## Work order
Although the data below holds other lines too, output only those from the line with "boAt Airdopes 201" up to and including the line with "24 lb/89 gsm", exactly as they appear.

## The data
________________

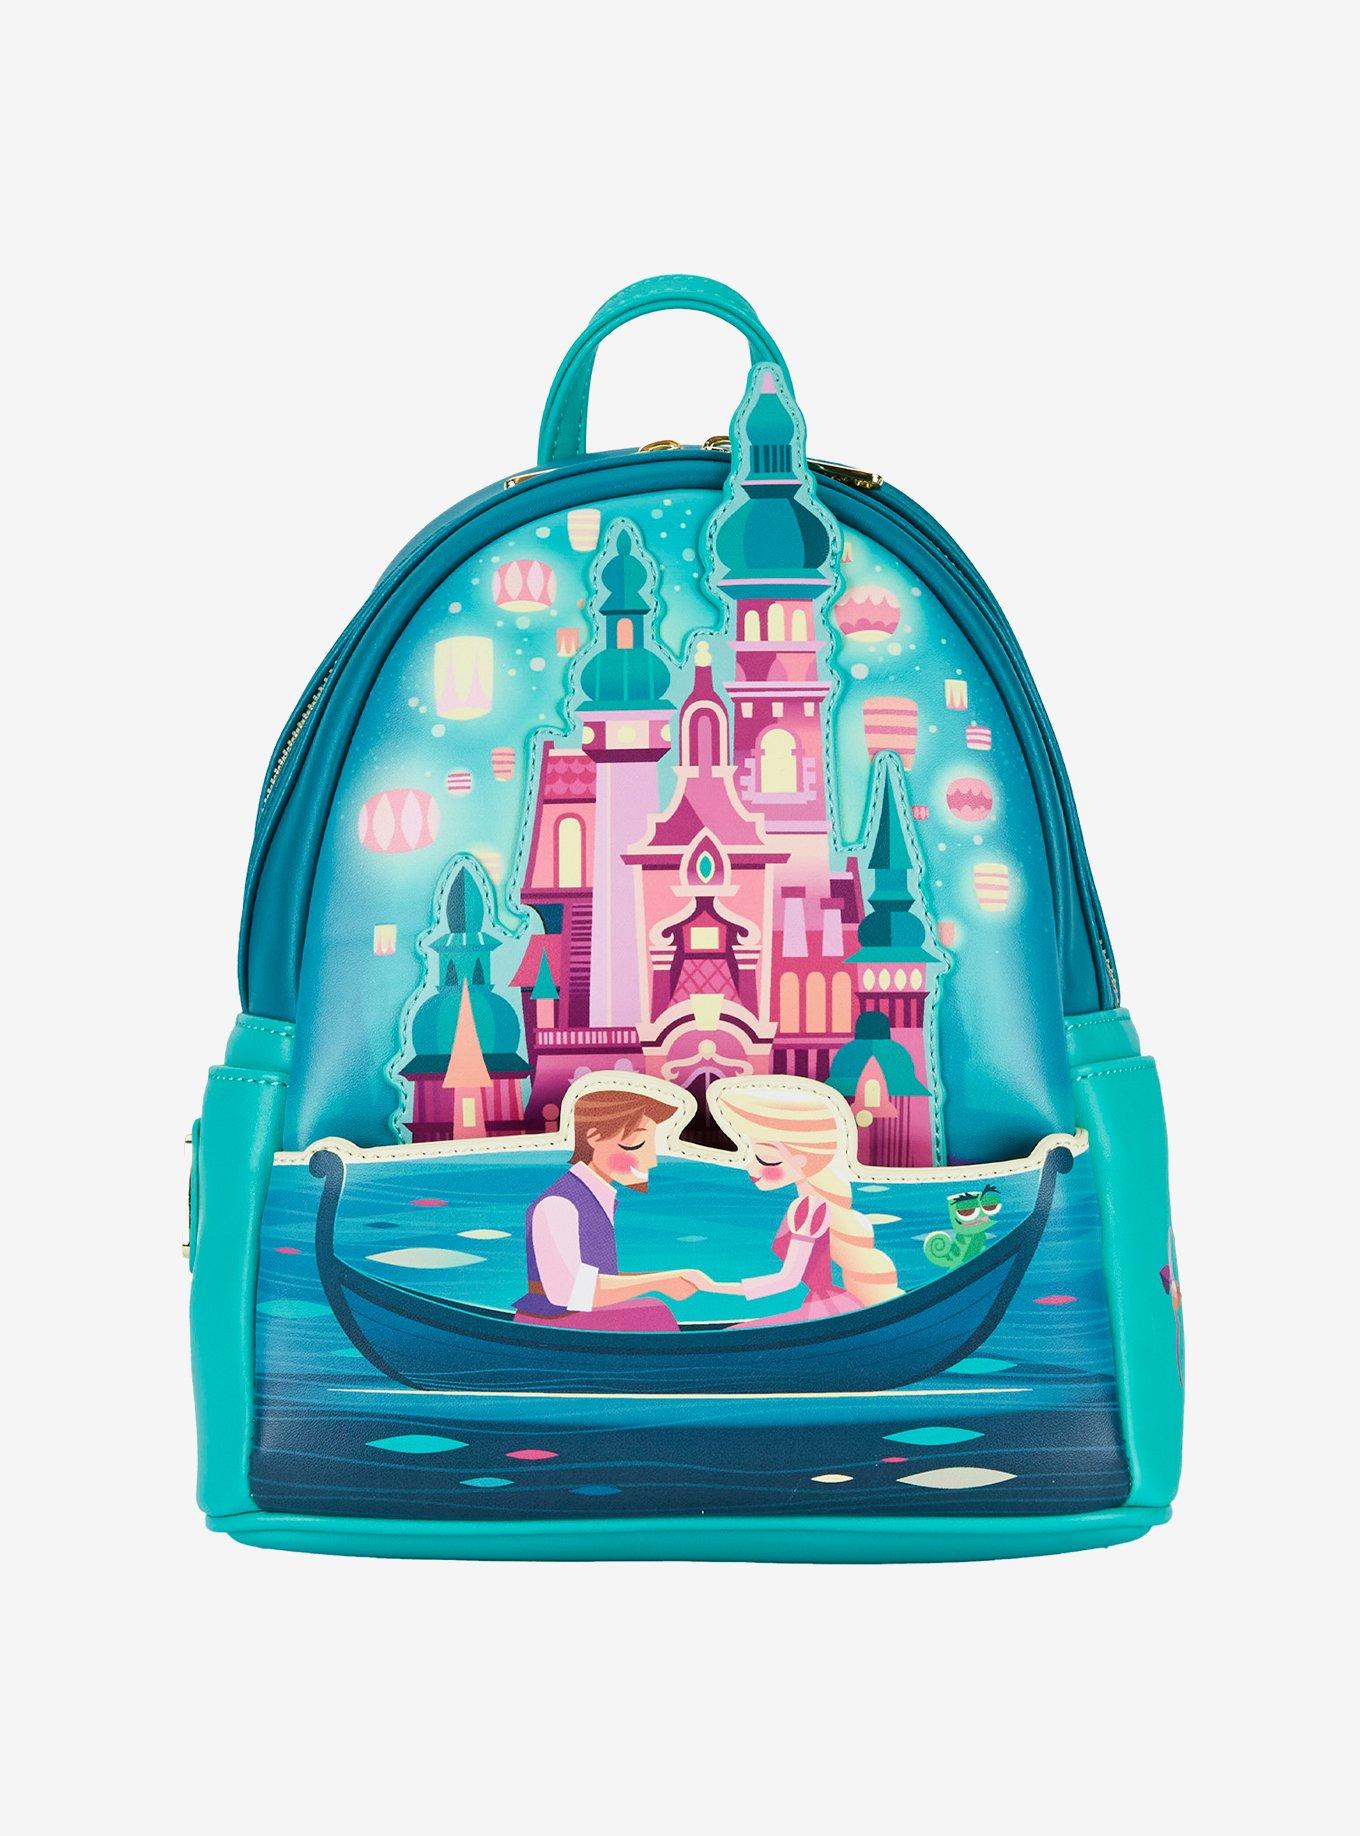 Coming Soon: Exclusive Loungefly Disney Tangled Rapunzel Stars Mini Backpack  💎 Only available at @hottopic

________________

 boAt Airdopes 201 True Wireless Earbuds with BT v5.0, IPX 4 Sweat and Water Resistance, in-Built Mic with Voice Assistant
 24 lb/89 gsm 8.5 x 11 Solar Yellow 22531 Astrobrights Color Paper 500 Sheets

________________

## Task output
 boAt Airdopes 201 True Wireless Earbuds with BT v5.0, IPX 4 Sweat and Water Resistance, in-Built Mic with Voice Assistant
 24 lb/89 gsm 8.5 x 11 Solar Yellow 22531 Astrobrights Color Paper 500 Sheets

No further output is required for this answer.